Шрифт:
Интервал:
Закладка:
3
Принс всегда утверждал, что не употребляет наркотики, но, случайно или намеренно, его эстетика в 1980‐е идеально совпала с первой, медленно накатывавшей волной экстази в трансатлантической поп-культуре. От «Dirty Mind» до «Around The World» и «Lovesexy» мы можем проследить развитие новой формы поп-/соул-/другой музыки, смутно наркотической («Это не музыка, это трип!»[107]) и до странного трезвой; безумно эротичной, но притворно наивной.
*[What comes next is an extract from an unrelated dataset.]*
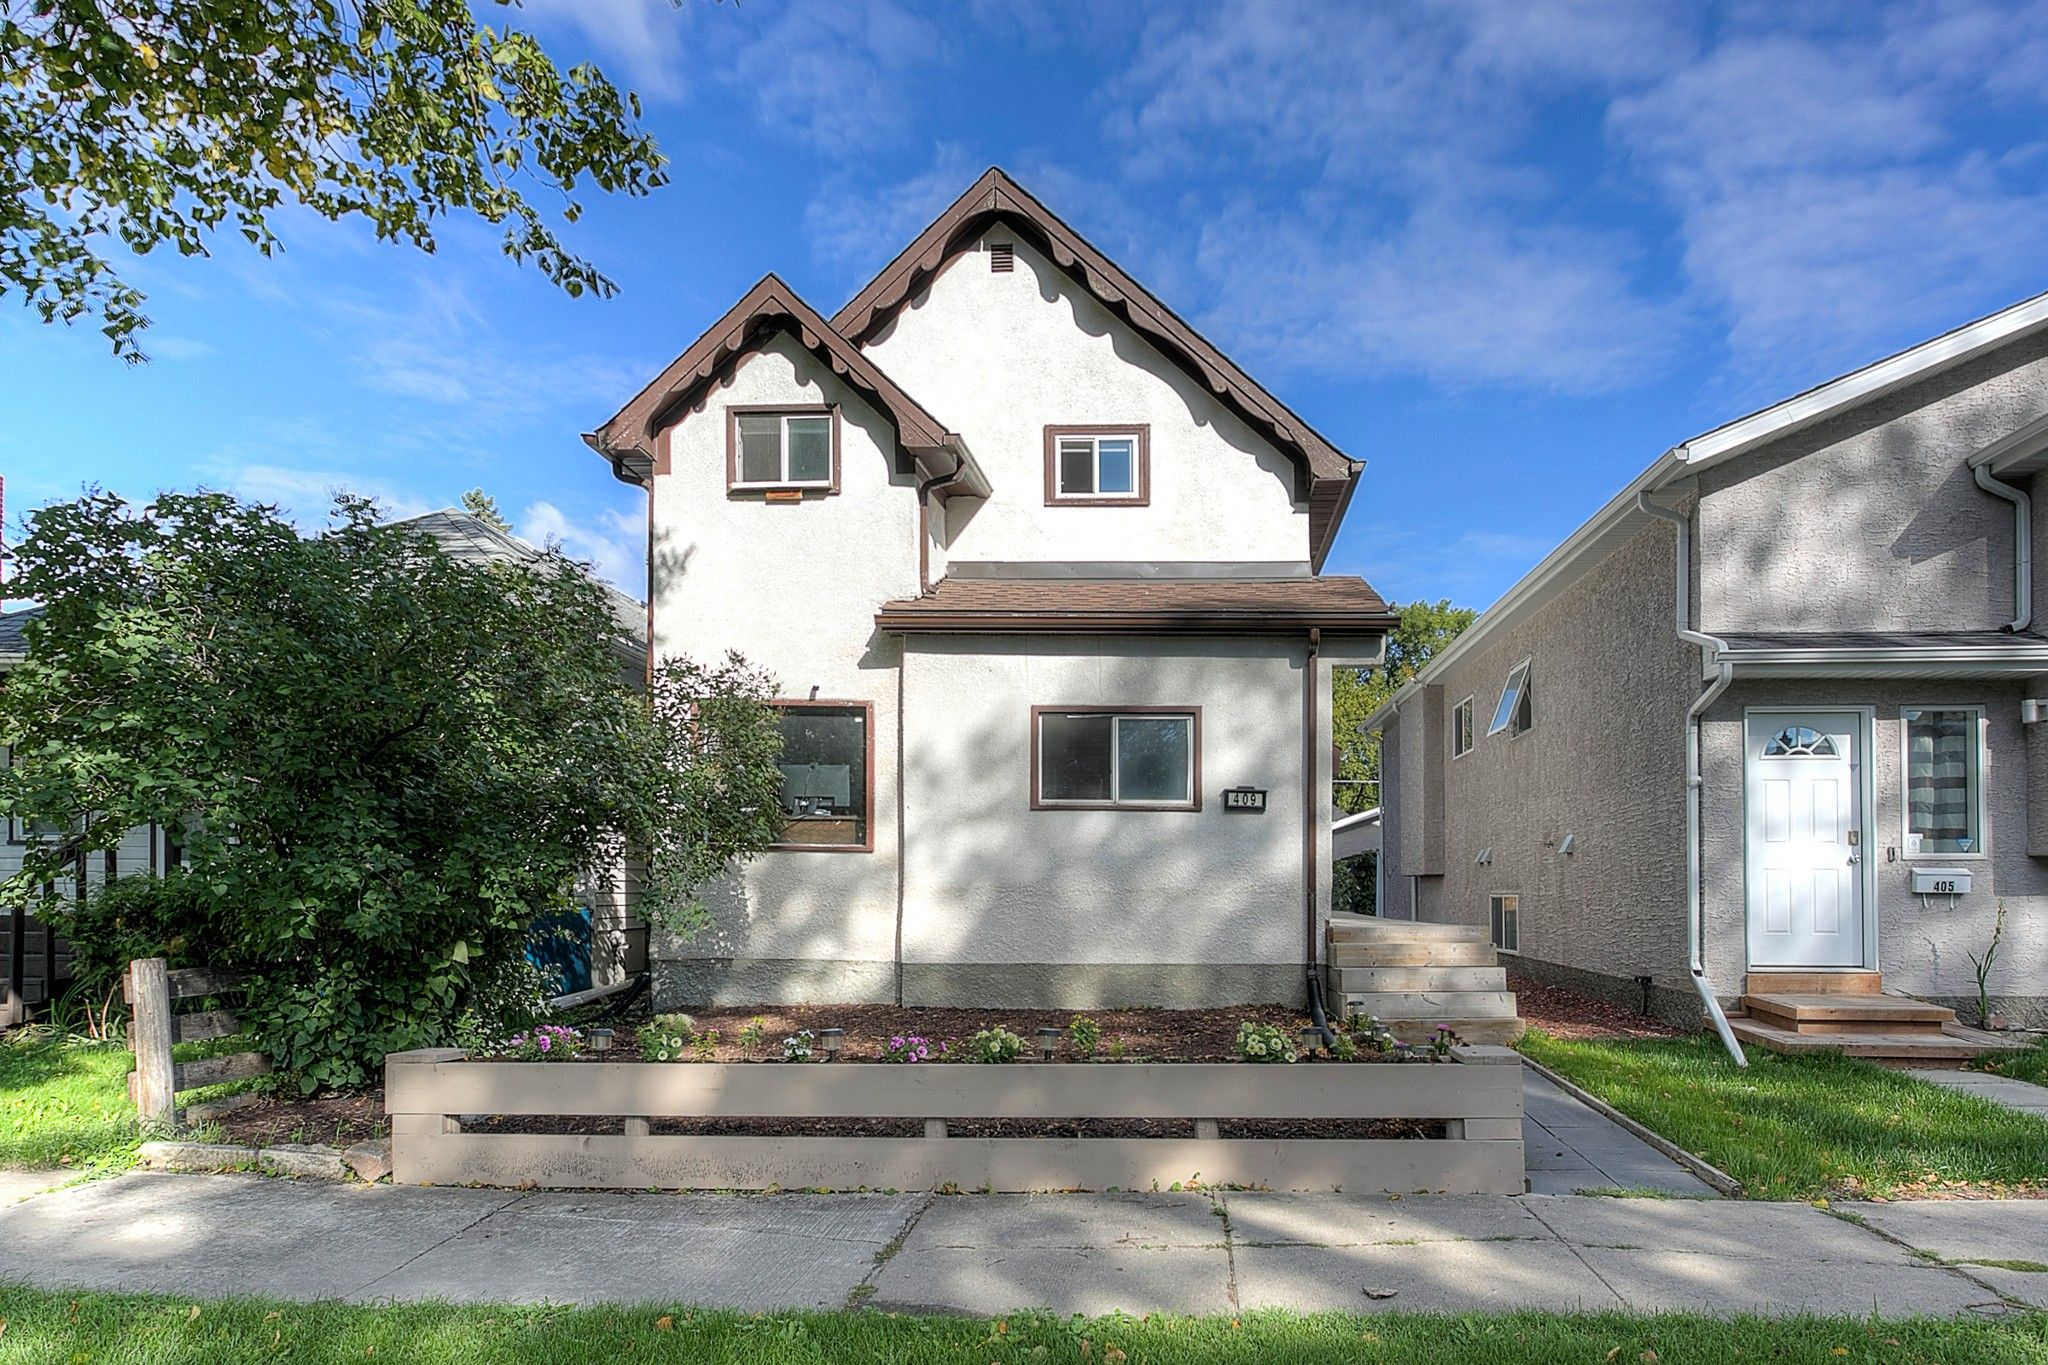 Main Photo: 409 Arnold Street in Winnipeg: Single Family Detached for sale : MLS®# 202122590

Авторы ранних характеристик Принса отмечали в нем странную смесь уверенности и неловкости: этот постмодернистский Принс говорил тихо и часто краснел; он сулил фаллическое наслаждение, но носил толстые фильдеперсовые чулки и обувь на высоком каблуке. Его друзья и коллеги говорят, что он редко спал. В результате выходило нечто, будто бы интуитивно почерпнутое из послеобеденного осознанного сновидения: «Я писал это во сне. / Прости, если выйдет не пойми что»[108]. Если тонна душещипательных песен о любви, неважно какого качества, – это, по сути, Джек Веттриано, тогда Принс в 1980‐е был Паулем Клее.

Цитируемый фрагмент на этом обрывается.